Office Space, Secretarial and Administrative Services
Commencing on the date that the Company’s securities are first listed on the NASDAQ through the earlier of consummation of the initial Business Combination and the liquidation, the Company agreed to pay the Sponsor a total of $10,000 per month for office space, utilities, secretarial and administrative support and to reimburse the Sponsor for any out-of-pocket expenses related to identifying, investigating and completing an initial Business Combination. For the year ended December 31, 2022, the Company expensed $120,000 in administrative support services. For the period from August 9, 2021 (inception) through December 31, 2021, the Company expensed $7,097 in administrative support services. At December 31, 2022 and 2021, the Company had accrued $30,000 and $7,097, respectively, in administrative fees payable to the Sponsor which are included in due to related party on the balance sheets.
Additionally, the Sponsor has agreed to pay an annual salary of $25,000 to each of the independent Board Members for services rendered prior to or in connection with the completion of the Business Combination. Board members are entitled to reimbursement for any out-of-pocket expenses related to identifying, investigating, negotiating and completing the Business Combination as well. For the year ended December 31, 2022, the Company expensed $75,000 for services rendered by the independent Board Members. For the period from August 9, 2021 (inception) through December 31, 2021, the Company expensed $3,699 for the services rendered by the independent Board Members. At December 31, 2022 and 2021, the Company had accrued approximately $18,904 and $3,699, respectively, in compensation expense to the independent board members which are included in due to related party on the balance sheets.
Contractual Obligations
We do not have any long-term debt obligations, capital lease obligations, operating lease obligations, purchase obligations or long-term liabilities other than the deferred commission fees, legal fees and related party payables of $3,727,500, $581,265 and $48,904, respectively, payable upon the consummation of a business combination.

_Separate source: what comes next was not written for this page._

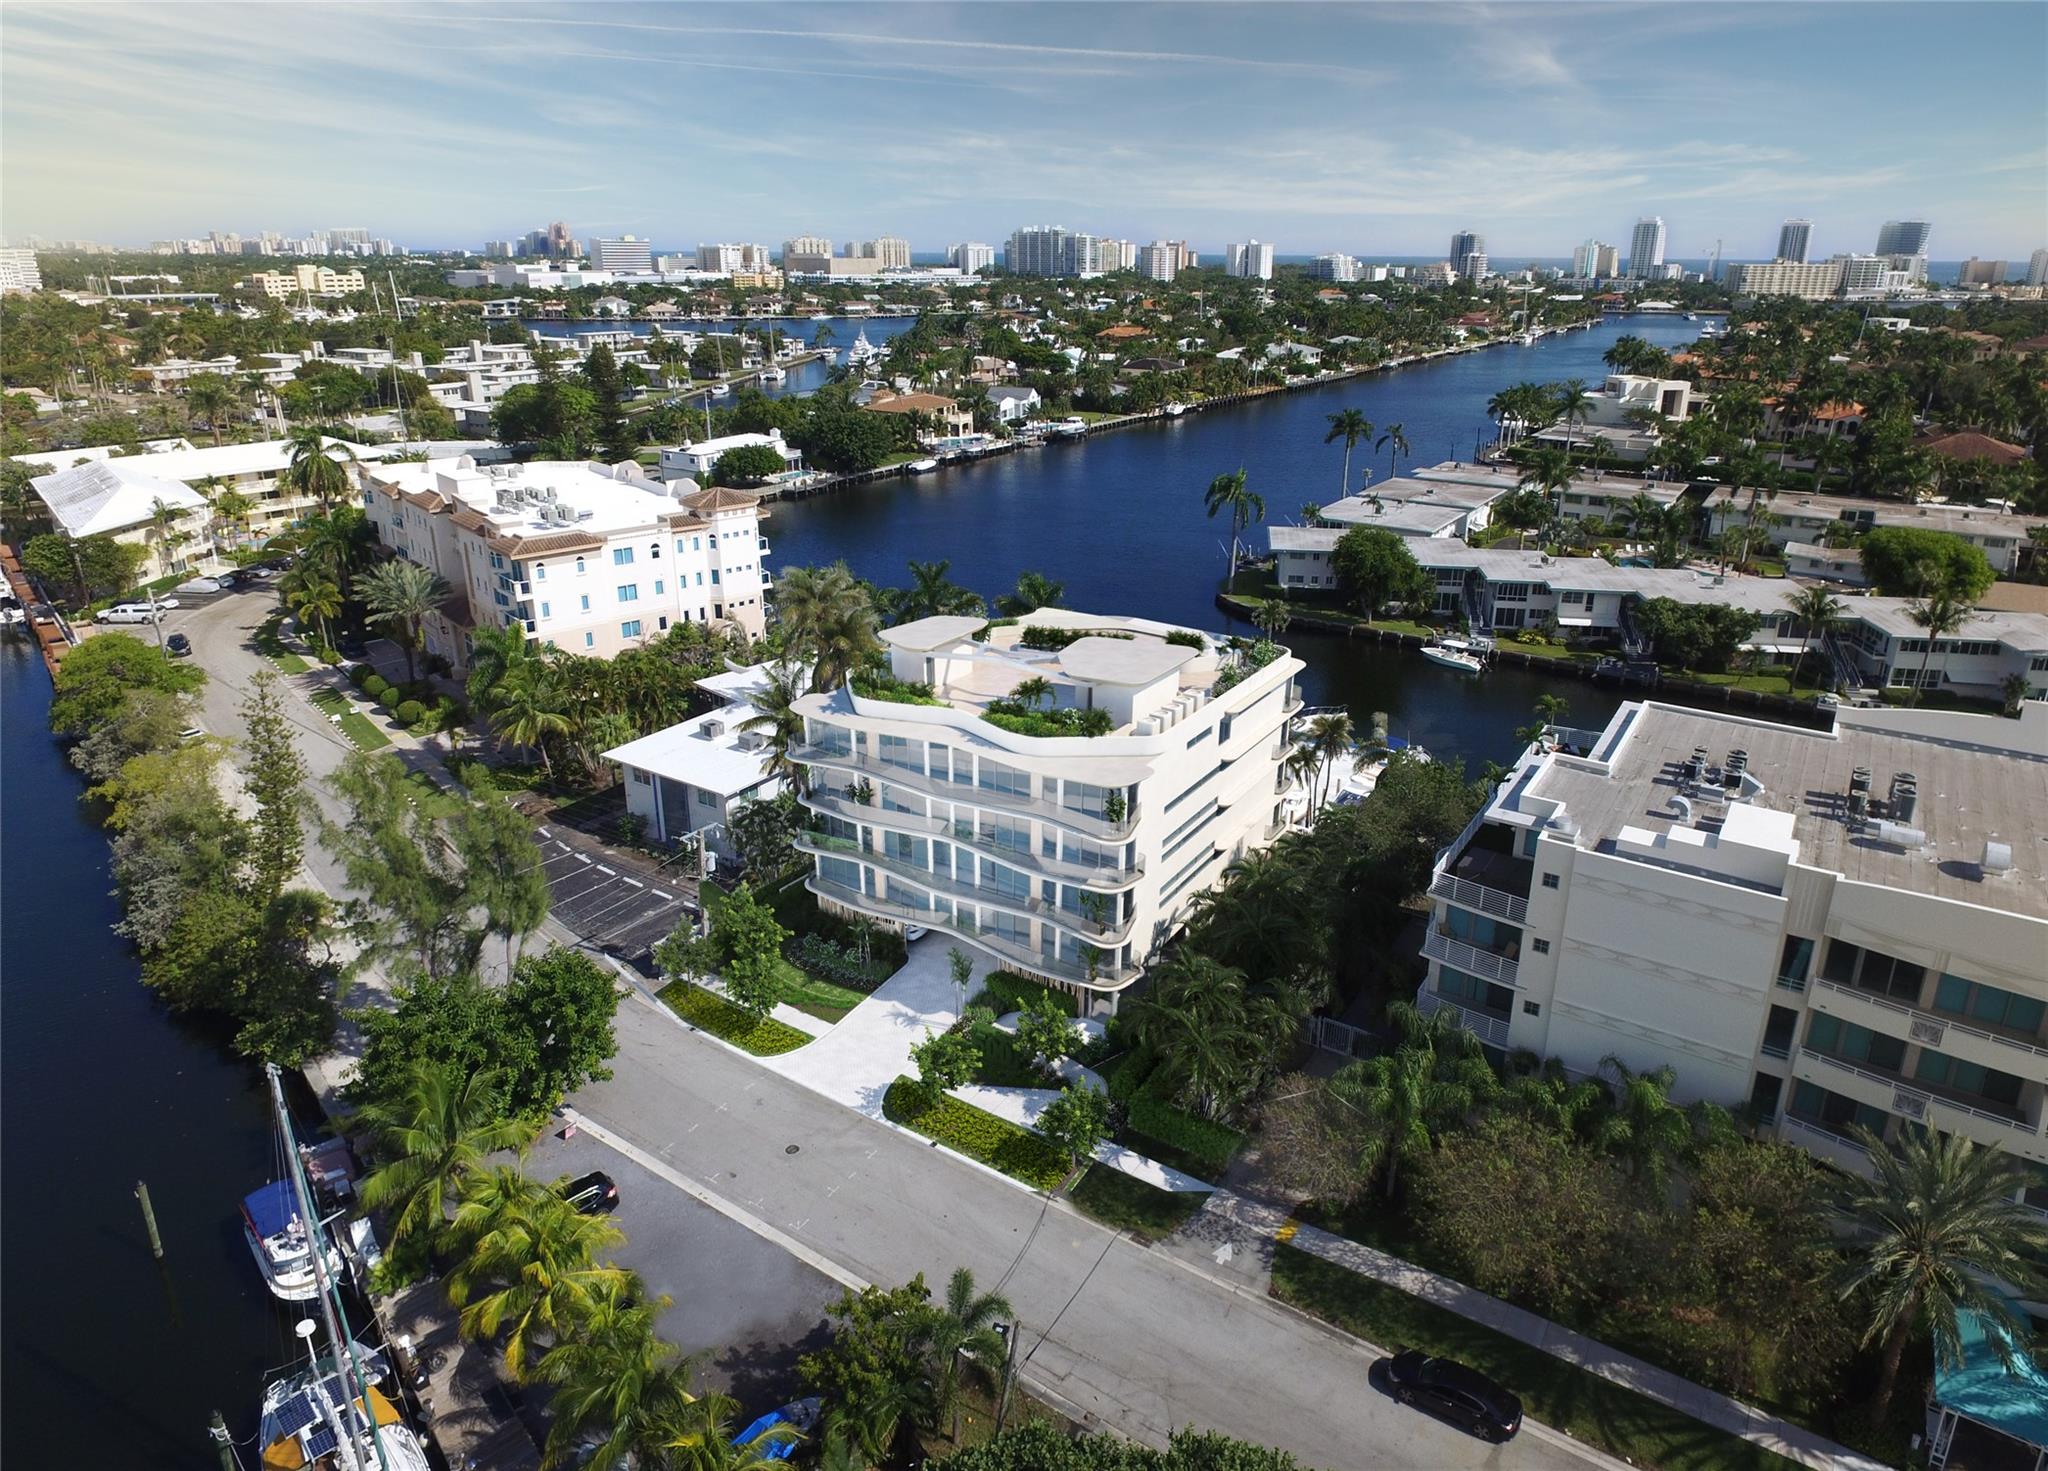 ** 100 FEET OF STRAIGHT LINE DOCKAGE IS INLCUDED WITH THE PENTHOUSE ** NO FIXED BRIDGES TO THE INTRACOASTAL & OCEAN.  LUMIERE, Fort Lauderdale's newest intimate waterfront enclave. A new level of modern architecture and luxury enhanced by a flow through open floor plan, volume ceilings and luminous spaces with floor to ceiling walls of glass with expansive waterway views. The Epicurean kitchen is outfitted with European cabinetry, state-of-the-art appliances, a gas cooktop and 234 bottle wine storage for the avid collector. Enjoy the resort inspired lifestyle by the waterside pool, rooftop terrace and fitness center. Elevated living with smart technology, EV charging, a dedicated storage unit and a Luxor package storage unit with a refrigerated compartment. Square. Footage from developer.

Critical Accounting Policies and Estimates
The preparation of the financial statements in conformity with GAAP requires management to make estimates and assumptions that affect the reported amounts of assets and liabilities and disclosure of contingent assets and liabilities at the date of the financial statements and the reported amounts of expenses during the reporting periods.
Making estimates requires management to exercise significant judgment. It is at least reasonably possible that the estimate of the effect of a condition, situation or set of circumstances that existed at the date of the financial statements, which management considered in formulating its estimate, could change in the near term due to one or more future confirming events. Accordingly, the actual results could differ significantly from those estimates. We have identified the following as our critical accounting policies and estimates.
Ordinary Shares Subject to Redemption
We account for our ordinary shares subject to possible redemption in accordance with the guidance in ASC Topic 480 “Distinguishing Liabilities from Equity.” Ordinary shares subject to mandatory redemption (if any) are classified as a liability instrument and measured at fair value. Conditionally redeemable ordinary shares (including ordinary shares that feature redemption rights that are either within the control of the holder or subject to redemption upon the occurrence of uncertain events not solely within our control) are classified as temporary equity. At all other times, ordinary shares are classified as shareholders’ equity. Our Class A ordinary shares feature certain redemption rights that are considered to be outside of our control and subject to the occurrence of uncertain future events. Accordingly, 12,650,000 Class A ordinary shares subject to possible redemption are presented at redemption value as temporary equity, outside of the shareholders’ deficit section of our balance sheets.
We recognize changes in redemption value immediately as they occur and adjusts the carrying value of Class A ordinary shares to equal the redemption value at the end of each reporting period. Increases or decreases in the carrying amount of redeemable ordinary shares are affected by charges against additional paid in capital and accumulated deficit.